Segment Start: STUDY MATERIAL

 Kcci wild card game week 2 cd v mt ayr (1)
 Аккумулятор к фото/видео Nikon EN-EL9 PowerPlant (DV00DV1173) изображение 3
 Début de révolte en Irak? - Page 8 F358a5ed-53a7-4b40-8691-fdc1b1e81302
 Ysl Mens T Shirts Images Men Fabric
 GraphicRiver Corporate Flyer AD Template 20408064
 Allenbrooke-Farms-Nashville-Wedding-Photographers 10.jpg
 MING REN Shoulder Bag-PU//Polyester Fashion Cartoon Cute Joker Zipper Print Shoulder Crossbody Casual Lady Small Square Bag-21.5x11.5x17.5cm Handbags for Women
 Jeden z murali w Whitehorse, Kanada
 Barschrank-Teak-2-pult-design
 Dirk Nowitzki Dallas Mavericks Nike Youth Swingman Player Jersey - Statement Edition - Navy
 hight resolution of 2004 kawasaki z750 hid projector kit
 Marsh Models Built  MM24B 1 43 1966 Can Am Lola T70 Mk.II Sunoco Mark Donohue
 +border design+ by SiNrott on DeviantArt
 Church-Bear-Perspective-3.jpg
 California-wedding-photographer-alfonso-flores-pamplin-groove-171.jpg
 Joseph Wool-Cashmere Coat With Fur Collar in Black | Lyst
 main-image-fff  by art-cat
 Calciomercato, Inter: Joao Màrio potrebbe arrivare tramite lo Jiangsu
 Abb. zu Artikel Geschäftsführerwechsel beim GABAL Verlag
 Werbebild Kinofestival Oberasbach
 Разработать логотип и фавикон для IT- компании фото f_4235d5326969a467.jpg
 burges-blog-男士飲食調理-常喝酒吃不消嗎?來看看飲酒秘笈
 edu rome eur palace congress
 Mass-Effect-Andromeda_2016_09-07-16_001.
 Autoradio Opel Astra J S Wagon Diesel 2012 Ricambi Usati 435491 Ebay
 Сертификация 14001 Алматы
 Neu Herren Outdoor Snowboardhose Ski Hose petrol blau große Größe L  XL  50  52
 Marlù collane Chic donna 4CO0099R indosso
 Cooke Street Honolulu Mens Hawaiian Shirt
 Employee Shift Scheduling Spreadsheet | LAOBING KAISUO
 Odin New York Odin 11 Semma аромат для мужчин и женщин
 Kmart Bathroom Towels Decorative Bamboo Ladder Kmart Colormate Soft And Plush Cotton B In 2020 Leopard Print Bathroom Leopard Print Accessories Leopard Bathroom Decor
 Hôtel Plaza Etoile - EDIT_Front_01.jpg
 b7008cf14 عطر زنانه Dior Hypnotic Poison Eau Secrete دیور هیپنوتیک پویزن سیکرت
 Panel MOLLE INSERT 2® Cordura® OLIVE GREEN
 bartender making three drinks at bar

Segment End: STUDY MATERIAL

Return a word-for-word copy of the lines above from the one holding "GraphicRiver Corporate Flyer" through the one holding "Allenbrooke-Farms-Nashville-Wedding-Photographers 10.jpg", with both of them included and nothing besides.

SOLUTION FOR THIS EXERCISE:
 GraphicRiver Corporate Flyer AD Template 20408064
 Allenbrooke-Farms-Nashville-Wedding-Photographers 10.jpg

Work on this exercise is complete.